Information ▸
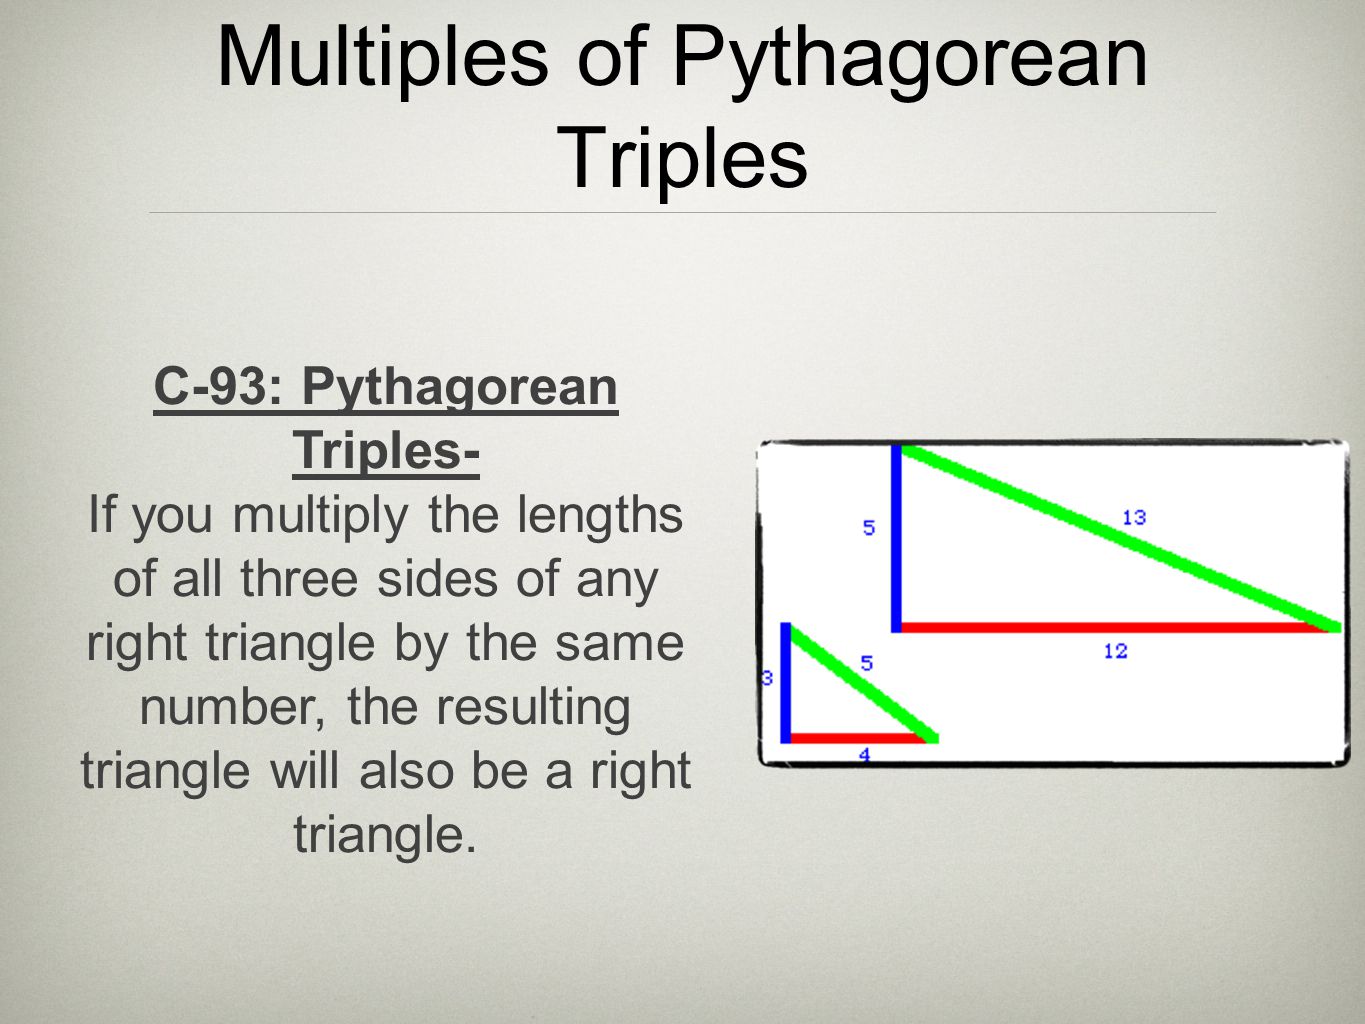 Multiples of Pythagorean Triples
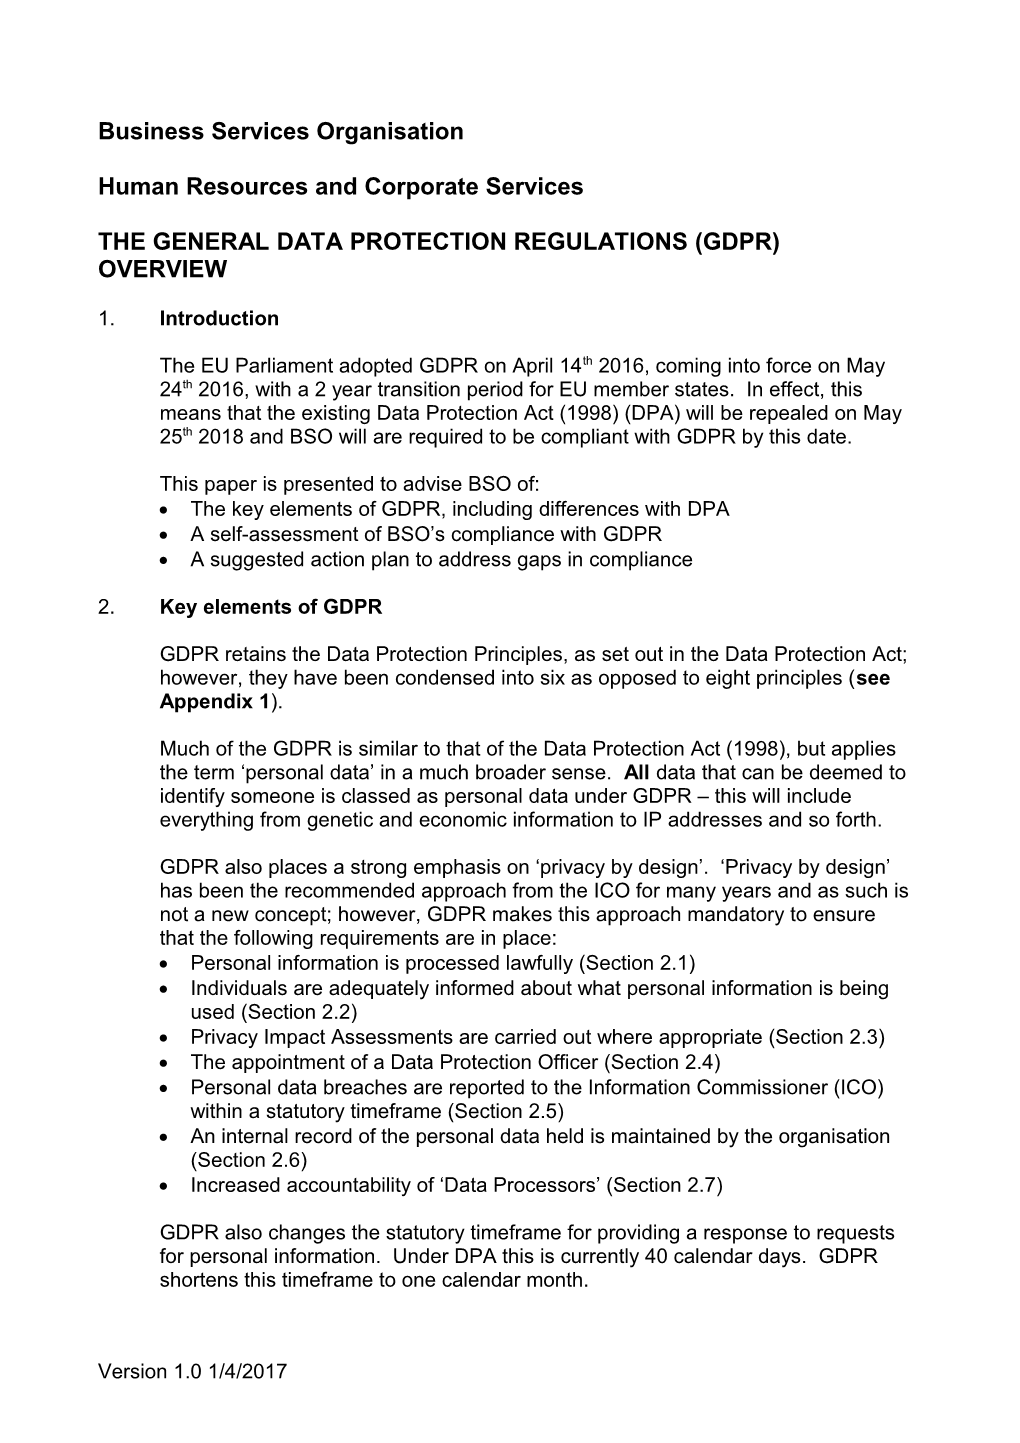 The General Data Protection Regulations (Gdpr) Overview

...

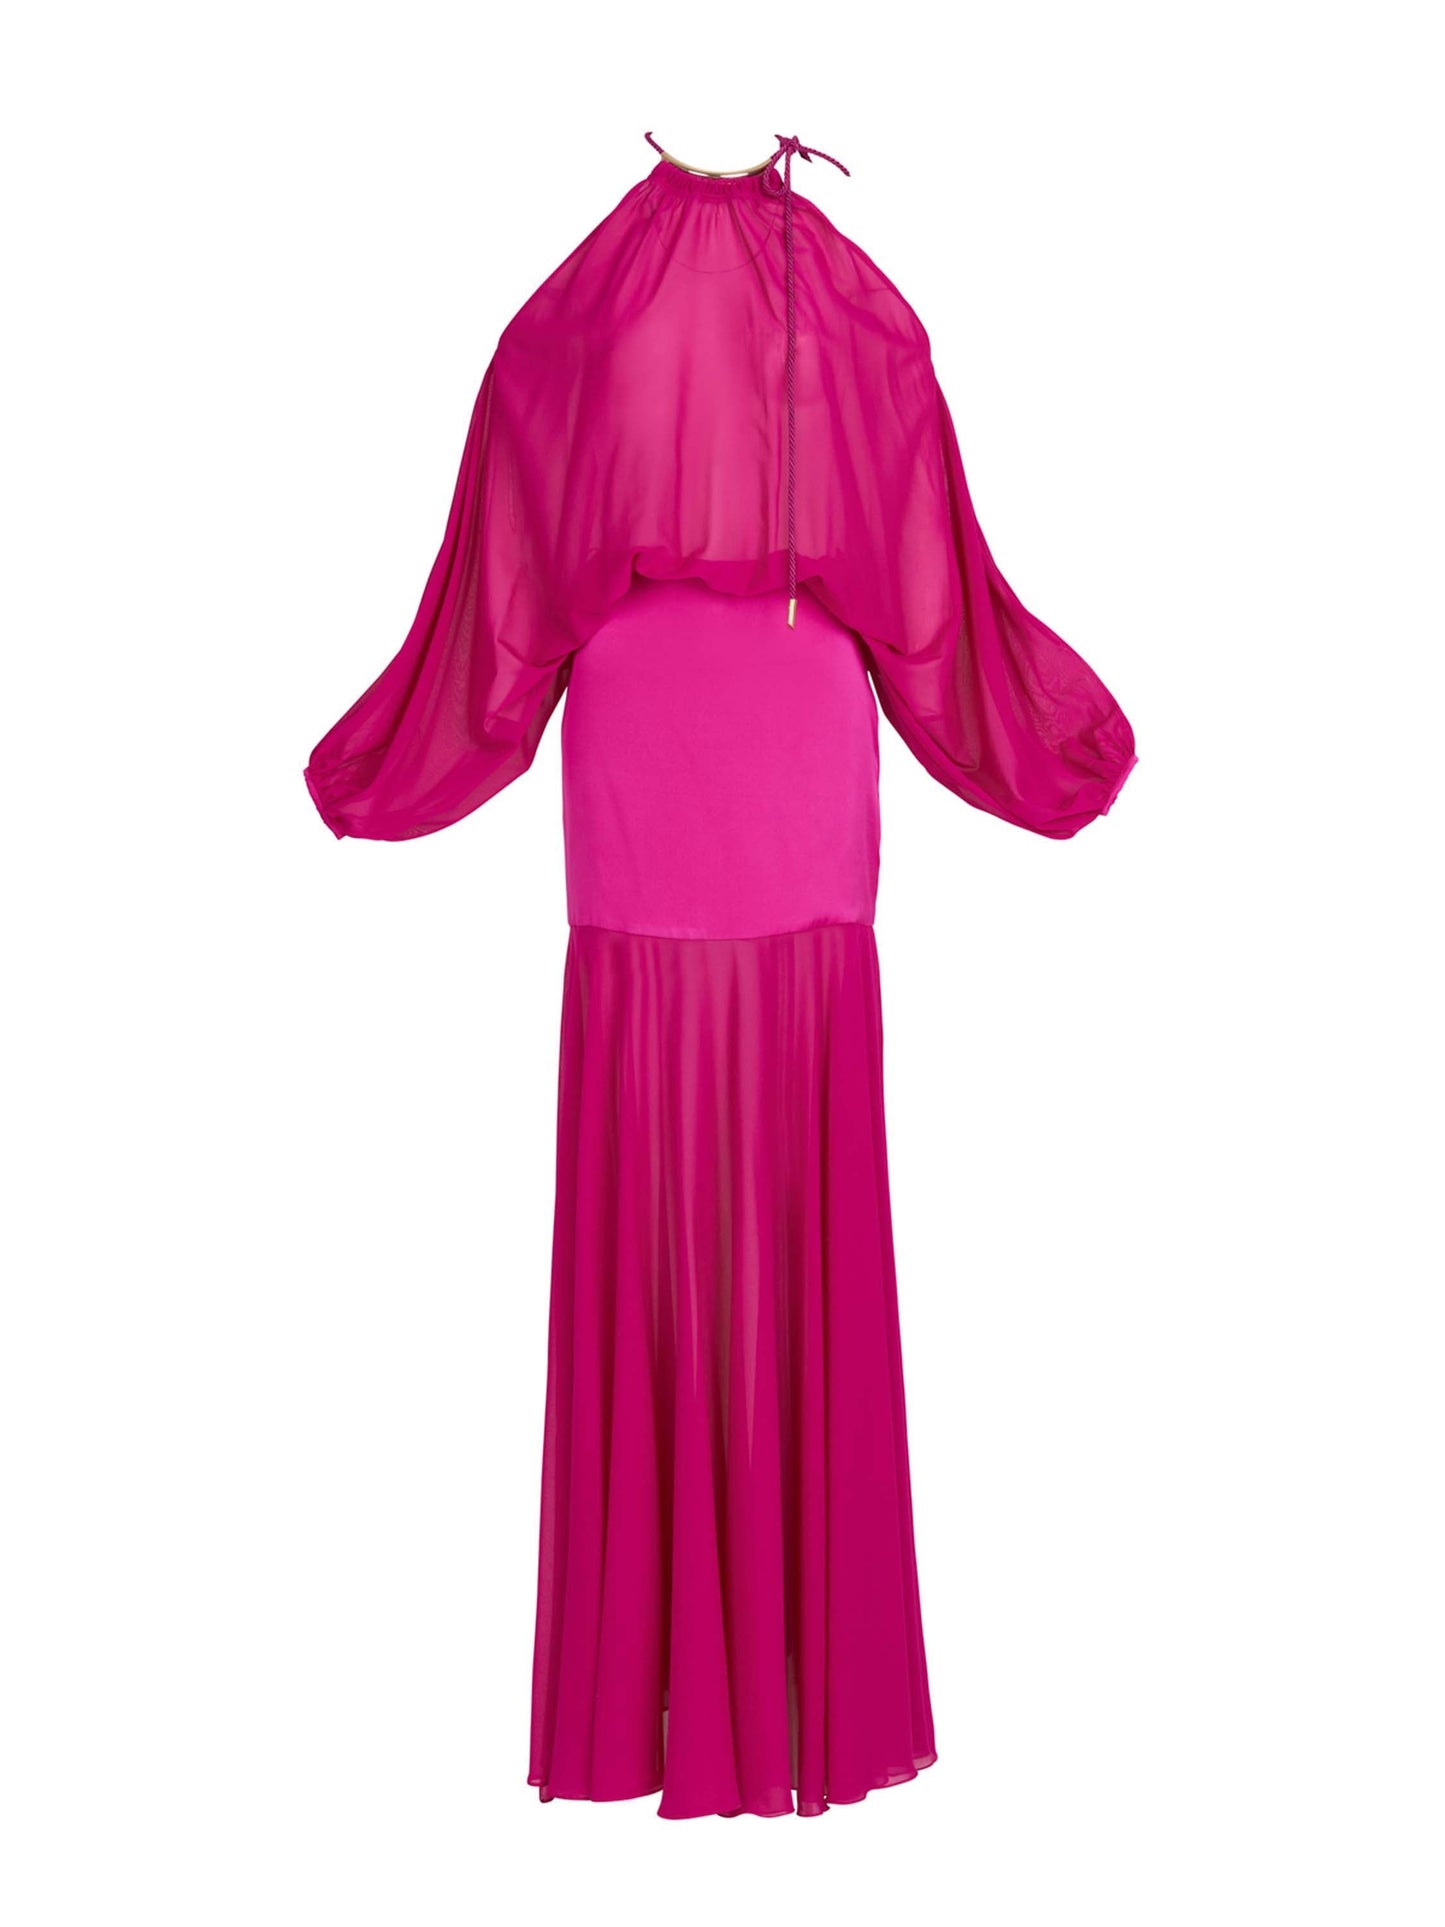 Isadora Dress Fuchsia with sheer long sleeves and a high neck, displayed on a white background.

---

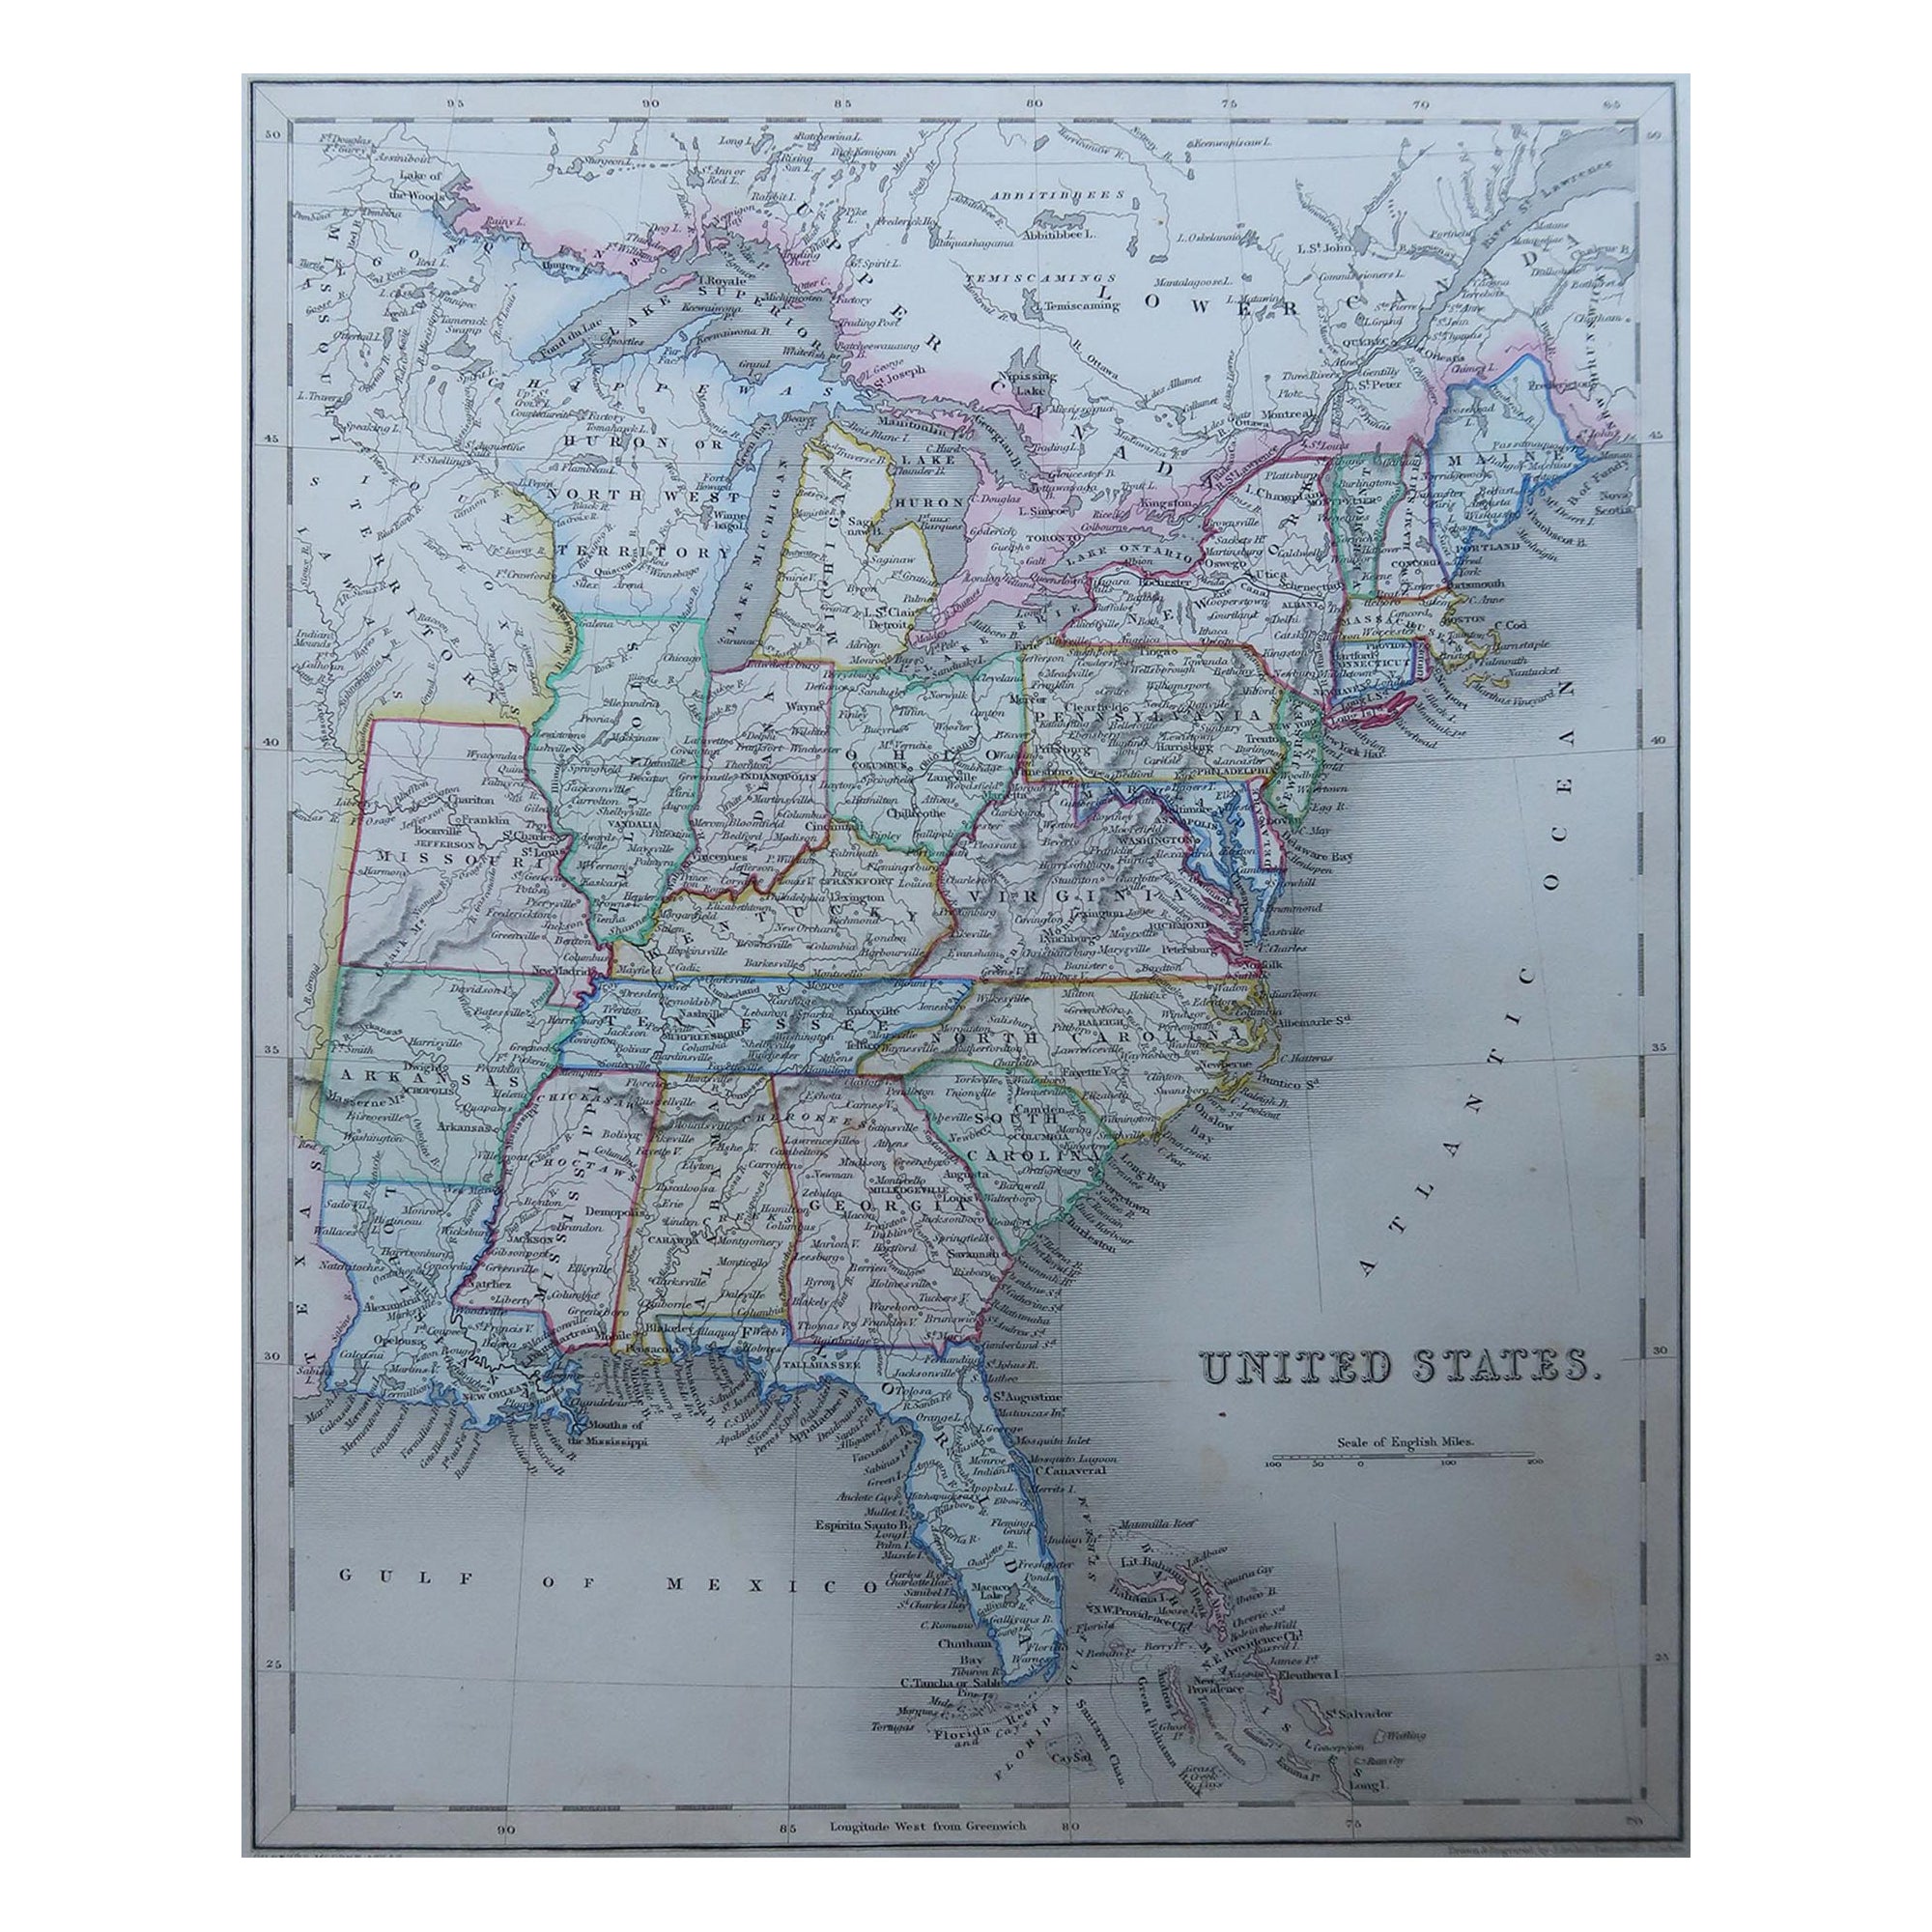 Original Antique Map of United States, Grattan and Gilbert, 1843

Exercise brief ▸
Copy only these lines from the records above, exactly: the one with "Multiples of Pythagorean Triples", the one with "The General Data", and those between. Skip the pictures.

Exercise answer ▸
 Multiples of Pythagorean Triples
 The General Data Protection Regulations (Gdpr) Overview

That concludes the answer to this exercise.